The present invention relates generally to the determination of the temperature of railroad car wheel journals and more particularly to that class of devices generally known as "hotbox" detectors.
It is well known in the art to place detectors adjacent railroad tracks to identify overheated wheel journals. These detector devices generally include infrared sensitive elements which are focused to scan the journal box. The detector includes suitable circuitry to develop a signal which is representative of the journal temperature and this signal may be used in a variety of ways such as sounding an alarm in the event a signal indicates the temperature of a journal exceeds a predetermined value or to provide a visual recording of the temperature of each of the journals as the train passes the wayside station where the detector is located.

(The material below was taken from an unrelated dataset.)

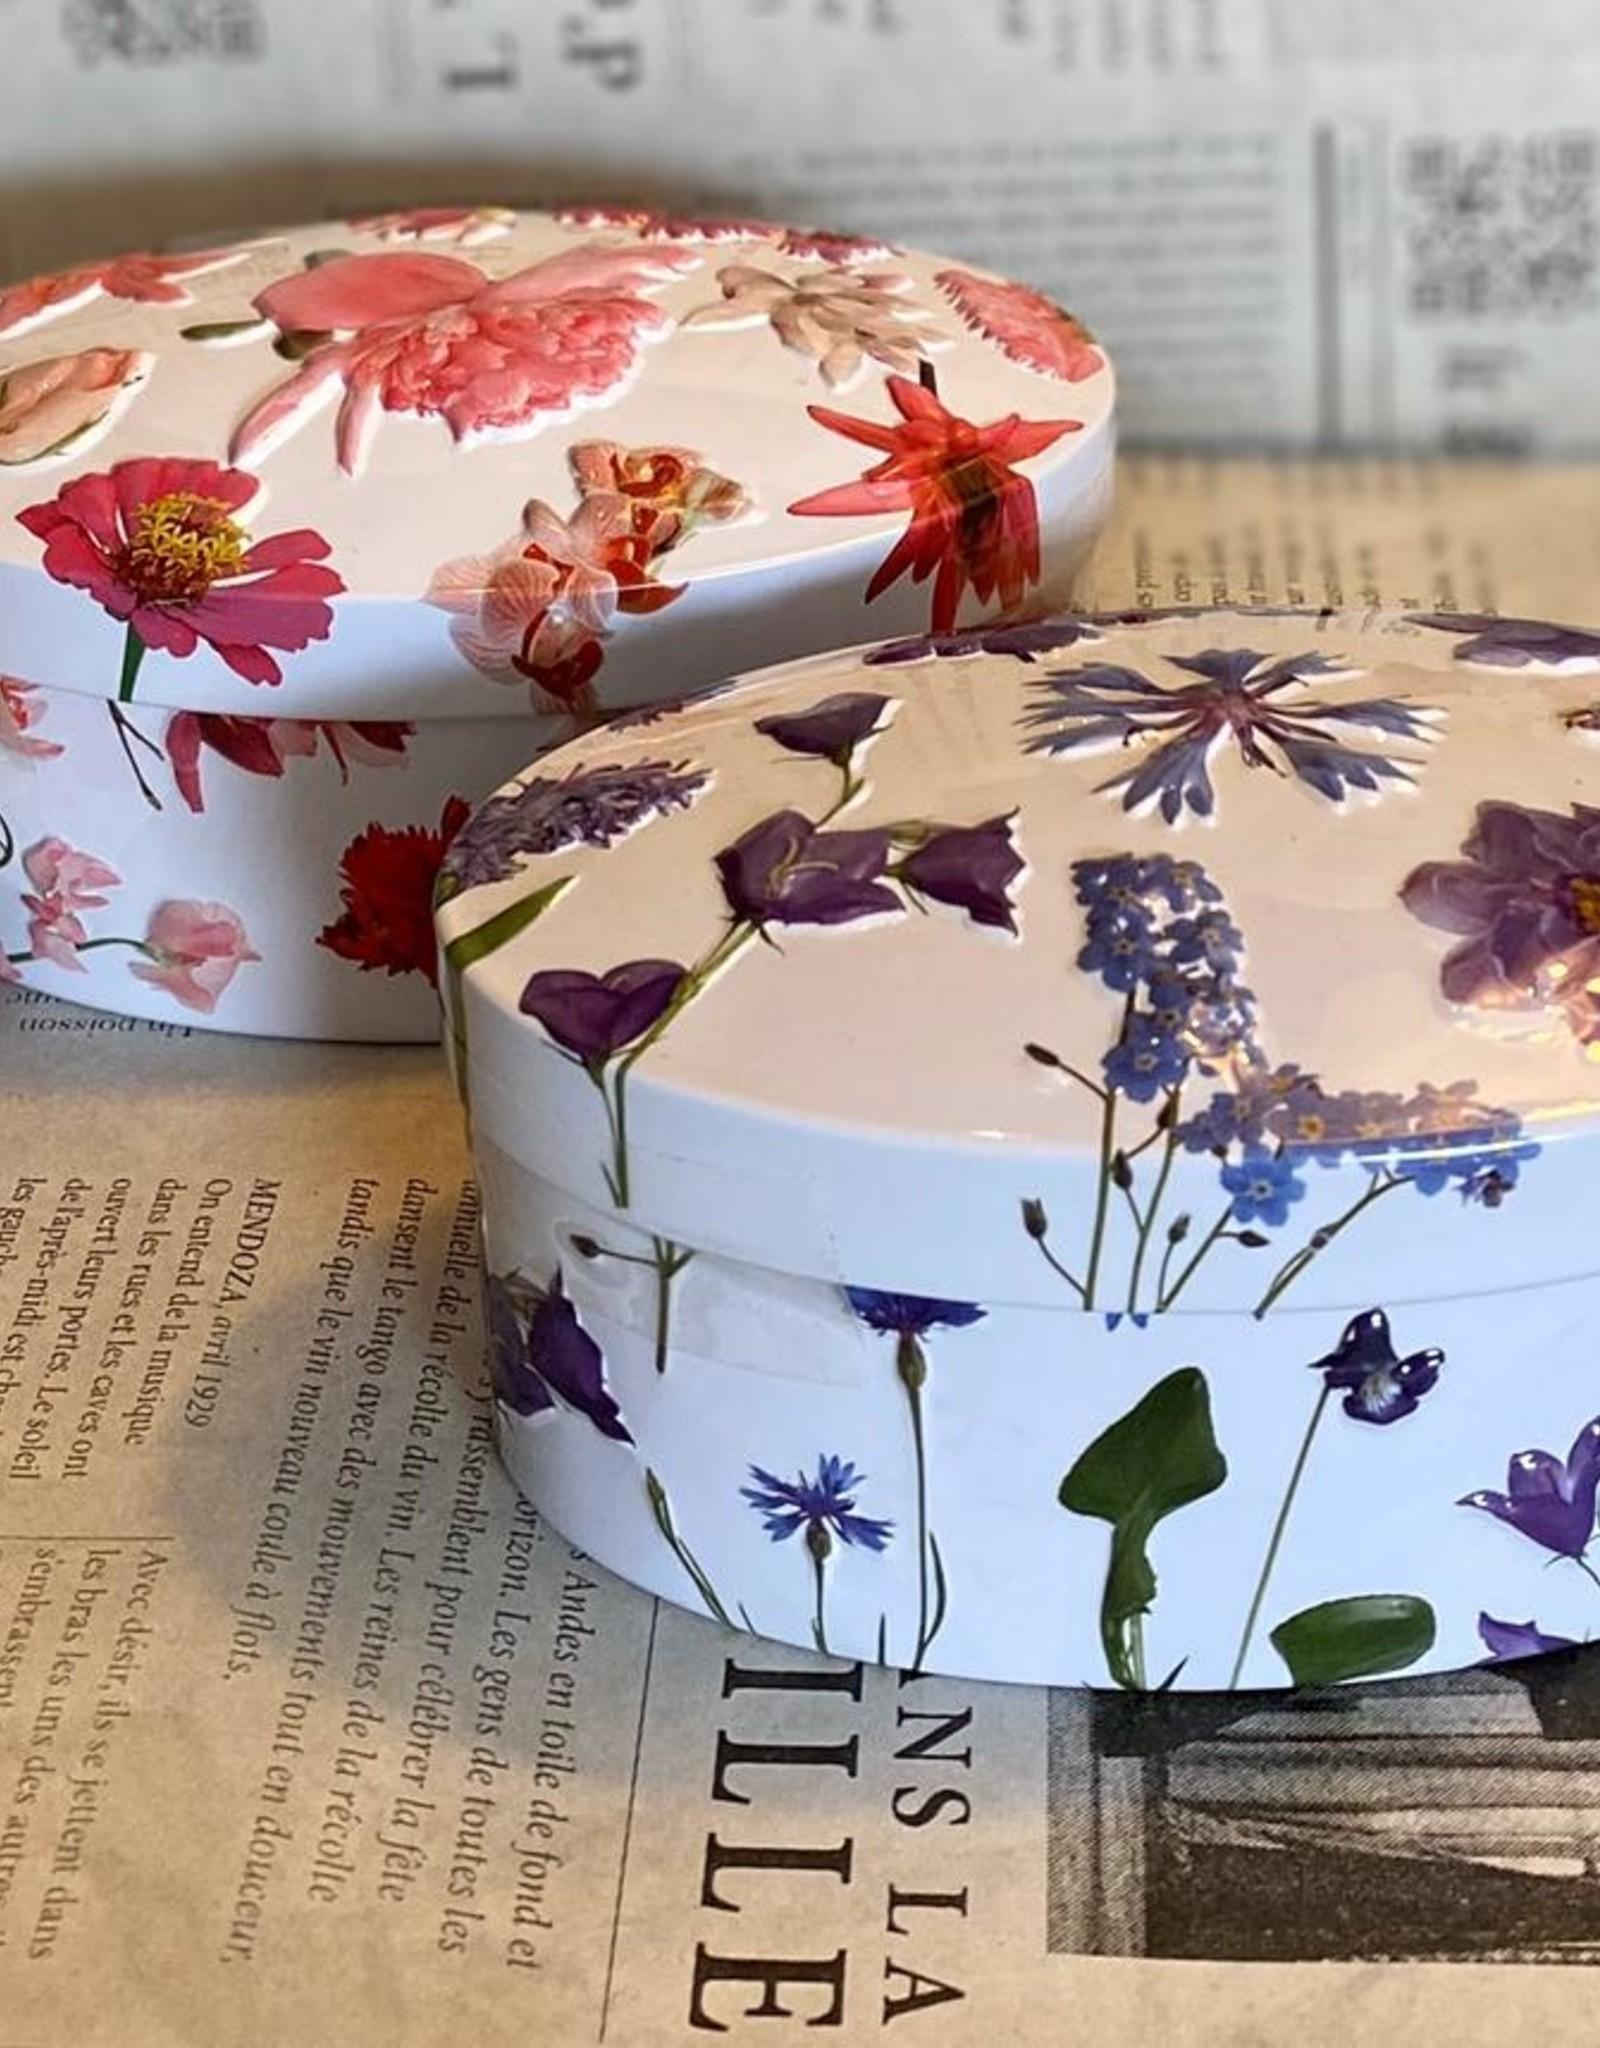 Gardiners fudge Wild flower tin vanilla fudge

The most common form of hotbox detector in use today is the so-called bolometer type which will be described in some detail hereinafter. Briefly, however, the bolometer type hotbox detector uses temperature sensitive resistors (thermistors) in a bridge arrangement. While the performance of a bolometer type hotbox detector is, essentially, satisfactory, it is a relatively expensive apparatus. The thermistor is a very high resistance device and, therefore, requires a high voltage supply. Because of the bridge arrangement, the supplies must be very accurate and must not drift from their designated voltage. Because the signal-to-noise ratio of the bolometer decreases as the temperature decreases (at certain temperatures within the normal operating range of hotbox detector devices the ratio becomes unsatisfactory), heaters are required to maintain the ambient temperature of the thermistors above a predetermined minimum. In addition to the expense associated with the heaters, the use of heaters may require more elaborate optics as will be explained later. In addition, the frequency sensitivity of a bolometer type of system is not as broad as is desirable.
Other forms of infrared responsive devices are, of course, known. An example of one of these is the pyroelectric cell which outputs a charge in response to incident radiation in the infrared range. While pyroelectric cells overcome many if not all of the disadvantages of the bolometer system, they present certain problems of their own. Such cells are, generally, sensitive to shock and generate noise signals in response thereto. This, obviously, can be a problem when the device is located adjacent a railroad track. There are, however, materials which do not exhibit large shock-noise problems and with the use of suitable shock absorbing mountings this problem can be reduced to acceptable levels. A more serious problem is the fact that commercially available pyroelectric cells have an extremely poor gain response when considered over any sizable range of signal input frequencies. A typical infrared sensor employing a pyroelectric device has a flat or constant gain response only over about two percent of the frequency range required for good hotbox detector operation (e.g., 0.5 to 300 Hz). Thus, the pyroelectric cell without suitable compensating circuitry is an unsatisfactory substitute for the existing bolometer systems.